Traditionally, living off grid means not relying on the national electricity grid for your power. As a result, you have no bills, mortgage or rent to pay. You owe no one.

What will you do with all of this freedom?

Keep yourself alive!

And, herein, lies a potential problem with living off grid.

You must spend so much time sustaining yourself there’s a chance you’re trading one form of servitude for another. Unless this type of lifestyle appeals to you, think twice.

Many people living off grid report having to spend time getting their living needs and food supplies up and running. This could be a few years of toil, cold, hunger and uncomfortable living conditions. If you’ve got a passion for it, you’ll be fine. If you don’t, there could be easier paths to securing your financial freedom.

Despite this criticism, there’s one undeniable positive of living off grid. You can claim your financial freedom relatively quickly. With some careful planning and a little money to get you started, the life of taking orders, being rushed and worrying about the bills, will soon become a distant memory.


What would you think to retiring within the next 5 to 10 years and never having to work another day in your life?

Too good to be true? Sounds impossible?

Not if you follow the strategy created by Jacob Lund Fisher on his website Early Retirement Extreme. Originally born in Denmark, Fisher worked for 5 years as an astrophysicist before retiring at the age of 33 with savings of $175,000.

While this sum is not to be scoffed at, you might think it would be hard to live off for another 50 years. Not for Fisher. He recommends saving 75% of your yearly earnings and learning how to live off the rest. This means that, for every year you work, you buy yourself 3 years of freedom.

Fisher was able to reduce his living expenses to $7000 a year. On his website, he explains that the three greatest money drains are food, travel and housing. If you can keep these to a minimum, by eating a mainly vegetarian or vegan diet, living within walking or cycling distance of your place of work and paying a minimal amount of rent or owning your home outright, then retiring within a decade from now is a realistic goal.

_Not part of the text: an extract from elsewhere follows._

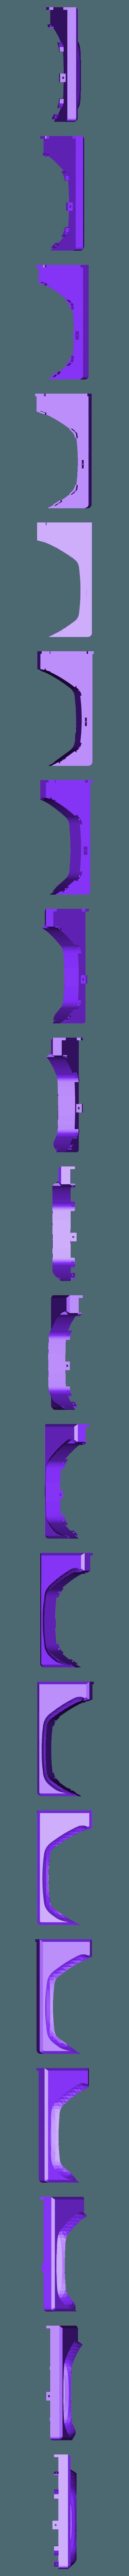 Front fender 002.stl Download free STL file Fender  for Land Rover Defender 110  • Object to 3D print, ildarius2017
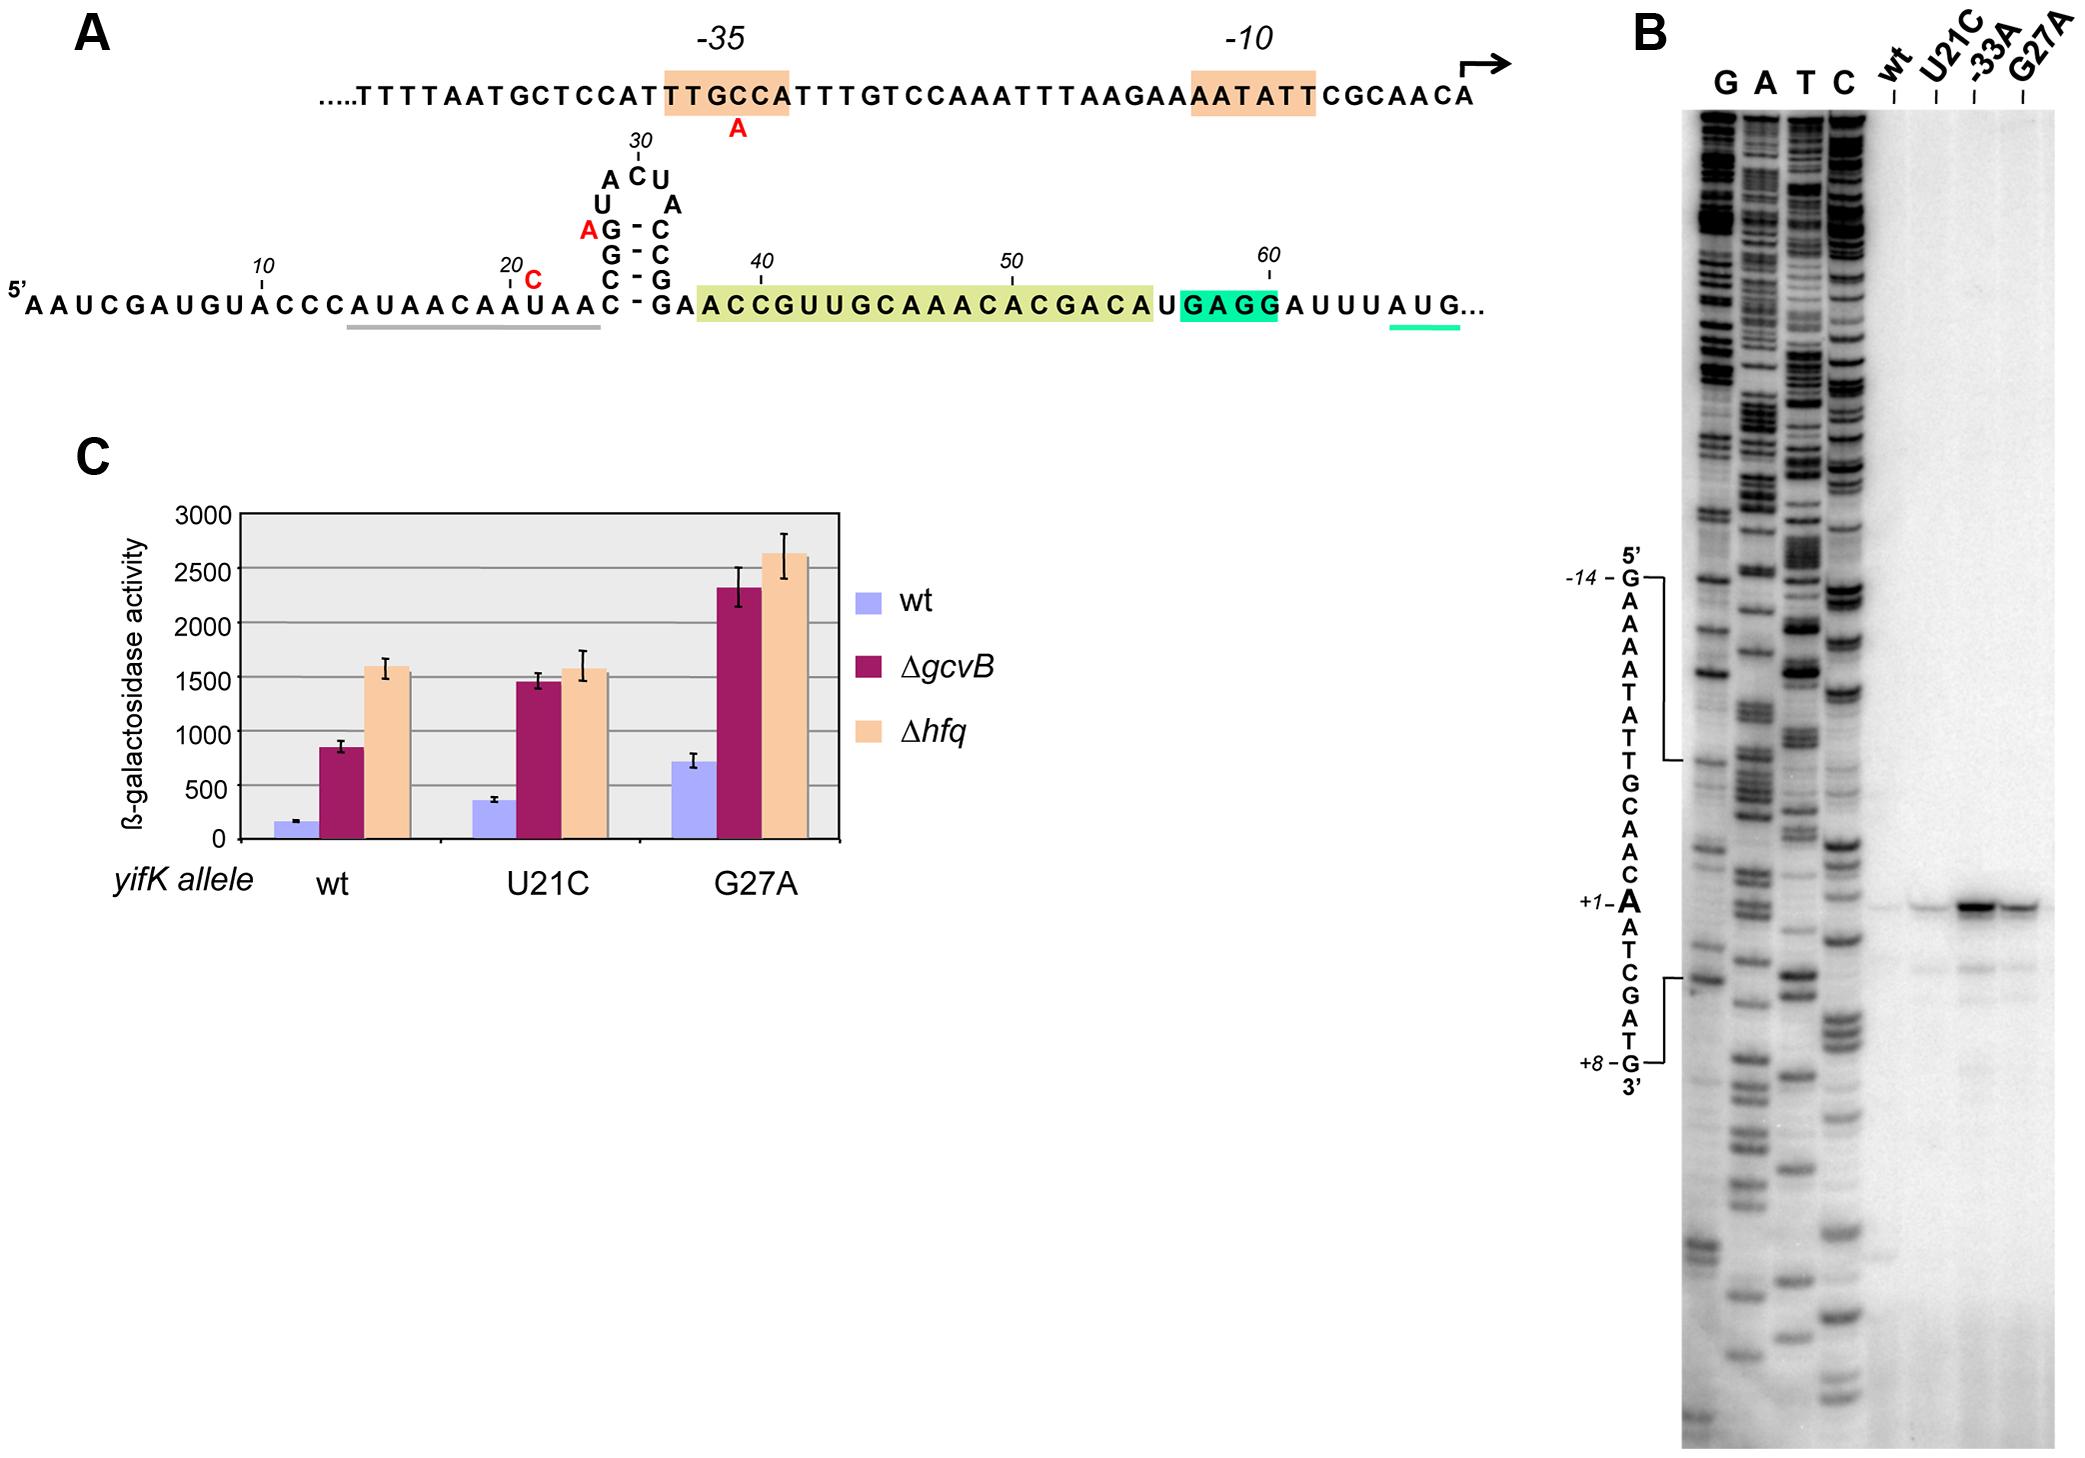 Characterization and mutational analysis of the leader region of the <i>yifK</i> gene.

The main advantage of the Early Retirement approach is that you don’t have to make any drastic changes to your career. You can keep working as you are, possibly even gaining promotion and making (and saving) even more money. However, a change will need to be made to your lifestyle.

Living on such a tiny budget is anathema to everything we’ve been conditioned to believe in the developed world. Consumption equals happiness and status. It can be hard not to think this way when all the messages you see and hear in the media, and purchasing habits of your peer group, reinforce this ideal.

Have you got the strength of character to stand alone and buck this trend? If you do, you could be claiming something far more valuable than eating out 5 nights a week, flashy cars and an overly mortgaged home. Within 5 to 10 years, you can be completely free to determine how you spend your time.


You are richer than you think. These are the words of David Bach in his new book The Latte Factor. This story is a modern version of the original wealth creating fable, The Richest Man in Babylon, by George Clason. In that 1926 classic, Clason, through his character Arkad, advises the reader to save 10% – 20% of their annual income before tax.

Bach calls this ‘paying yourself first.’ Dividing your salary, work out how much you get paid per hour. Then, ensure that your first hour’s work, every day, is syphoned off into a separate account.

This is the most important payment you’ll ever make. Before tax, before your rent or mortgage and before your food allowance, you must make this payment towards your financial freedom.

The magic happens when you follow Bach’s next piece of advice. You then take this money and invest it in tracking the stock market. Bach reveals that, since the stock markets inception, it has grown, on average, by 10% each year (US stock market).

With a 10% return on your investment, you can achieve your financial freedom far quicker than you may have believed. By saving just $5 a day, Bach calculates that you’ll have earned $948,611 in 40 years. Saving $25 a day would see you making $1,222,924 in 30 years.

‘The Latte Factor’ path presents an even easier route to financial freedom than ‘Early Retirement.’ This is because the changes to your spending habits are more manageable. Bach shows that, just by forgoing one luxury a day – a latte – with time, you can secure your financial freedom.

There are two catches to the Latte Factor path. The first, is time. While living off grid grants you near immediate financial freedom and Early Retirement might take 10 years, following The Latte Factor Path could, depending on your salary, leave you waiting 25 years. Is it worth it? Two or more decades worth of being somewhere you don’t want to be and doing things you don’t want to do, might have you looking for a quicker exit.

The other problem is relying on a 10% ROI. Just because it has in the past, doesn’t mean the stock market will continue to grow at this rate. And, if it doesn’t, you’re looking at an even longer time scale to ensure that such a small investment can one day lead to your financial freedom.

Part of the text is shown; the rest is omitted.